Maintenant appliquons les règles des marchés à terme à la description de la spéculation faite plus haut : « il suffit d’acquérir de grandes quantités de titres ». Il y a deux cas à considérer : soit la récolte future n’est pas encore vendue, soit elle est déjà vendue. Dans le premier cas, le spéculateur est certain de pouvoir livrer le blé à l’échéance, il a simplement créé une demande solvable qui n’existait pas, et s’il en apparaît une autre il pourra sans doute lui vendre avec profit. Cependant, si elle n’apparaissait pas, ou si elle apparaissait à un prix inférieur à ce qu’il souhaite, il perdra de l’argent, et si elle n’apparaît pas, il se retrouvera avec des tonnes de blé qu’il faut liquider dans un entrepôt qu’il faudra payer. Dans le deuxième cas, il doit trouver une contrepartie à son achat, et en l’absence de producteur, il va trouver un spéculateur jouant sur la baisse des cours. Et il ne pourra gagner qu’en vendant à un autre spéculateur jouant sur une hausse des cours encore plus forte que celle sur laquelle il a lui-même spéculé, et il faut le trouver avant l’échéance.

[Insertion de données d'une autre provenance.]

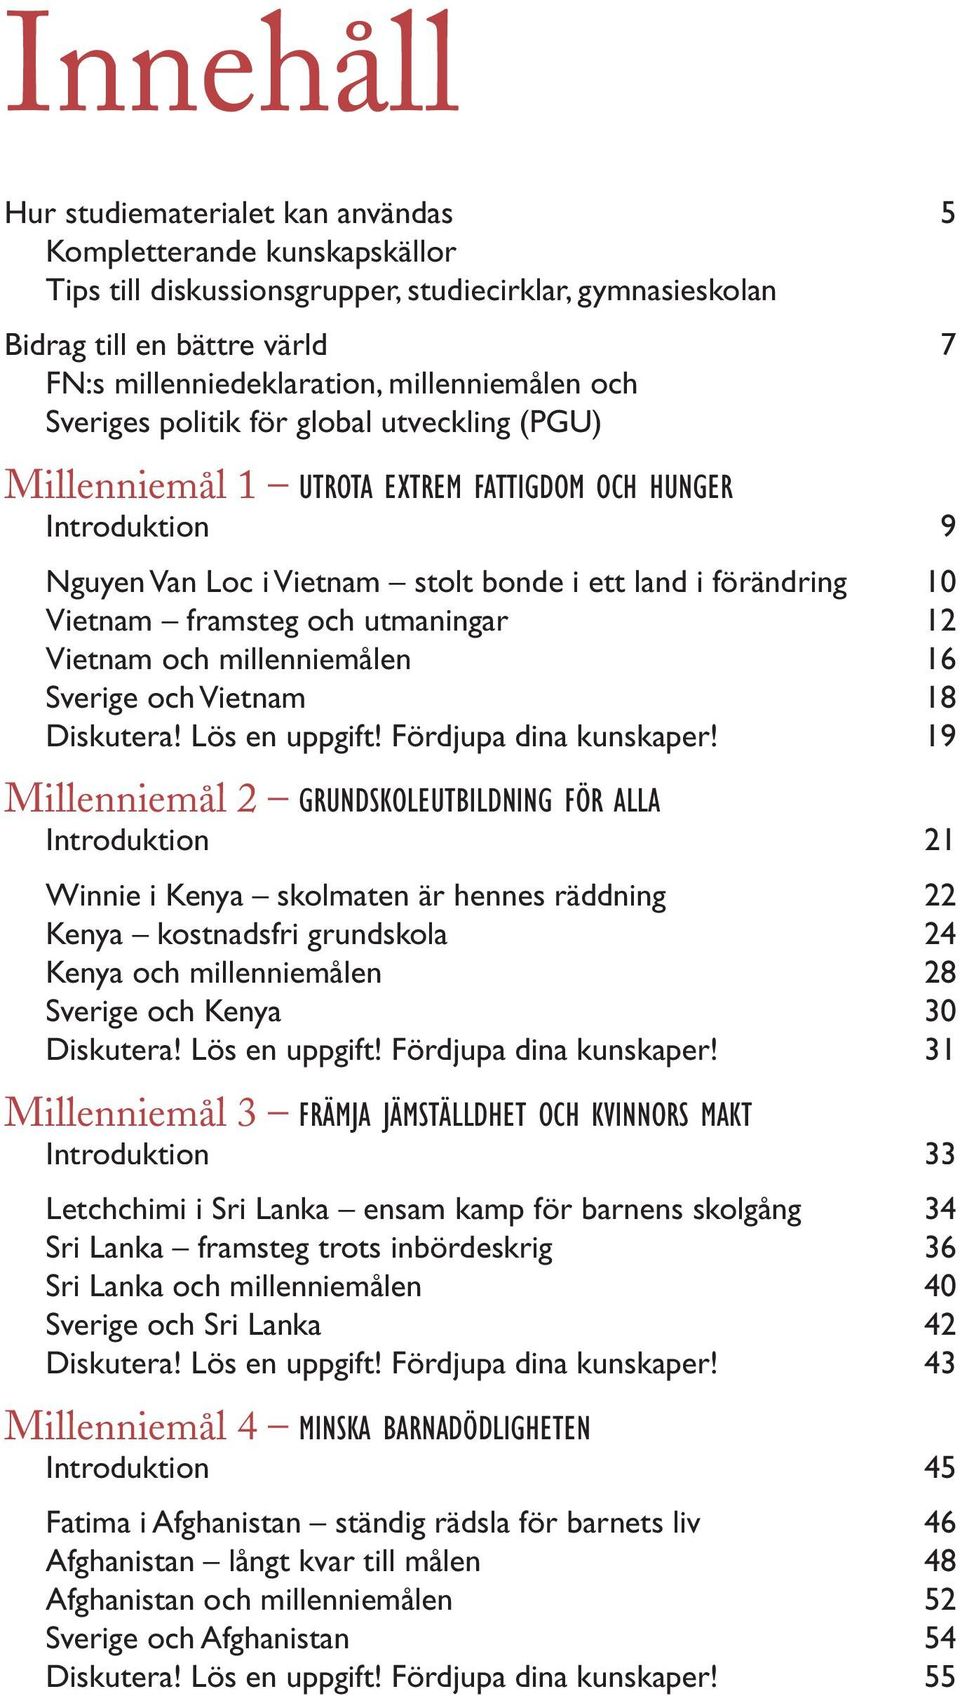 Vietnam framsteg och utmaningar 12 Vietnam och millenniemålen 16 Sverige och Vietnam 18 Diskutera! Lös en uppgift! Fördjupa dina kunskaper!

Tout cela est possible, mais associé à de grands risques. C’est quoi les grandes quantités ? Un millième de la production mondiale (600000 tonnes) demande un dépôt de garantie de 12 millions € (*) avec un risque supérieur.
Le véritable problème se situe sur les points faibles exploités par les spéculateurs, et non par la vente à terme elle-même :
- l’effet de levier offert par des dépôts de garantie insuffisants ; lse bourses le connaissent bien puisqu’en cas de variation trop rapide des cours elles les augmentent comme l’a fait récemment la bourse de Chicago, sur le blé ;
- la spéculation à la baisse des actions rendues possibles par le prêt de titres fait par des détenteurs institutionnels (assurances, fonds de pension, etc.)
- le prêt d’or fait par des banques centrales permettant à des mines de pratiquer des ventes à découvert qui ont bouleversé le marché de l’or pendant des années.
- les prêts consentis aux hedge-funds pour fabriquer des effets de levier astronomiques

(*) Le chiffre de 12 millions fixait l’ordre de grandeur des capitaux nécessaires et des risques relatifs. Il permet de se rendre compte des montants en jeux dans la spéculation sur le blé sur marché de Londres dont on a vu plus haut que l’en-cours s’élevait à 4.3 millions de tonnes ; les capitaux mobilisés s’élèvent à 86 millions à la date du 25 avril, montant qui ne semble pas de nature à attirer tous les Jérôme Kerviel de la terre.
Je reste donc convaincu que les prix actuels n’auraient pas connu les variations que l’on a constatées si la demande ne s’était pas significativement accrue, ce qu'elle a fait.